• Supplied information
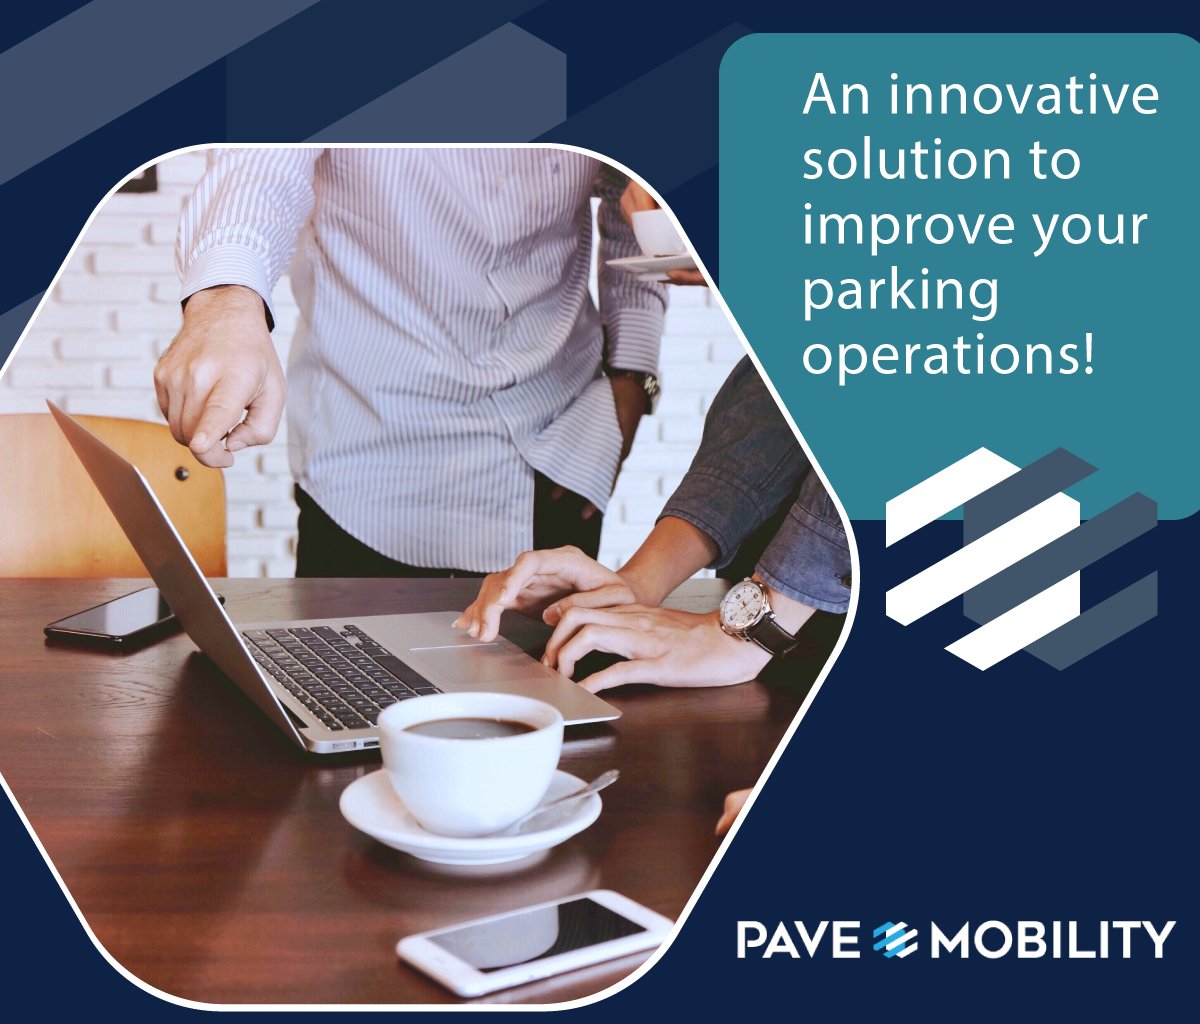 🅿️ Looking for an innovative solution to improve your parking operations? 
👍 You found it! Schedule a demo TODAY ➡️ hubs.la/Q02sLlRM0

#parking #lpr #technology #enforcement #UrbanMobility #smartparking #ParkingManagement #MobilitySolutions #parkingtech #Floridatech
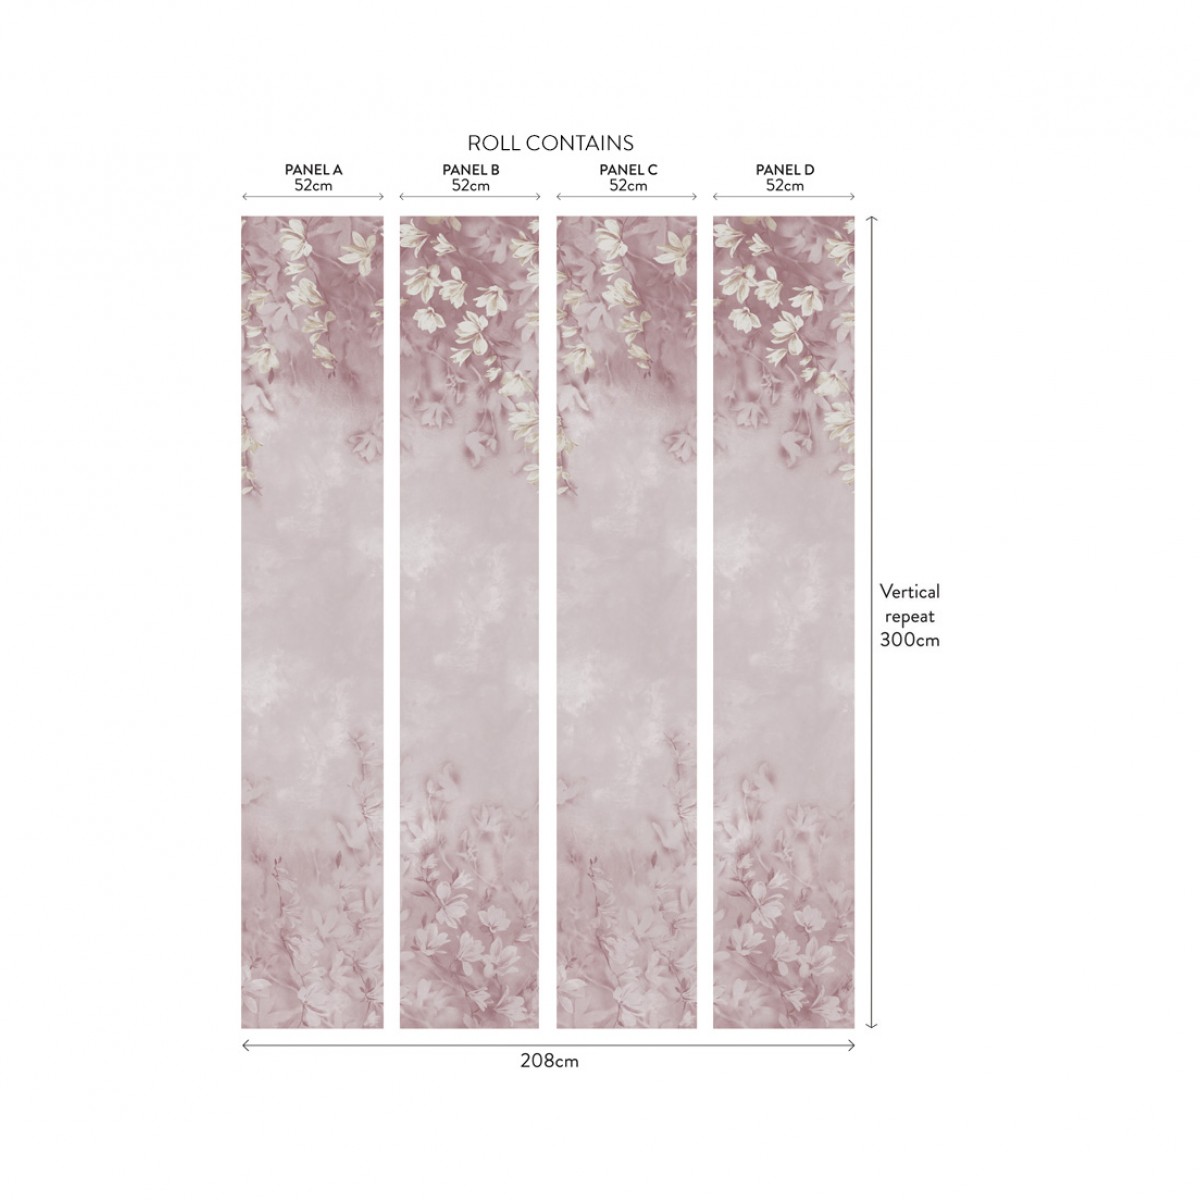 Tapet Trailing Magnolia, Blush Pink Luxury Floral, 1838 Wallcoverings, 6.5mp / rola, Tapet living

• Problem statement
Your output should be only the lines from the line with "#MobilitySolutions #parkingtech #Floridatech" through the end of the data, exactly as they stand, and no pictures.

• Written solution
#parking #lpr #technology #enforcement #UrbanMobility #smartparking #ParkingManagement #MobilitySolutions #parkingtech #Floridatech
 Tapet Trailing Magnolia, Blush Pink Luxury Floral, 1838 Wallcoverings, 6.5mp / rola, Tapet living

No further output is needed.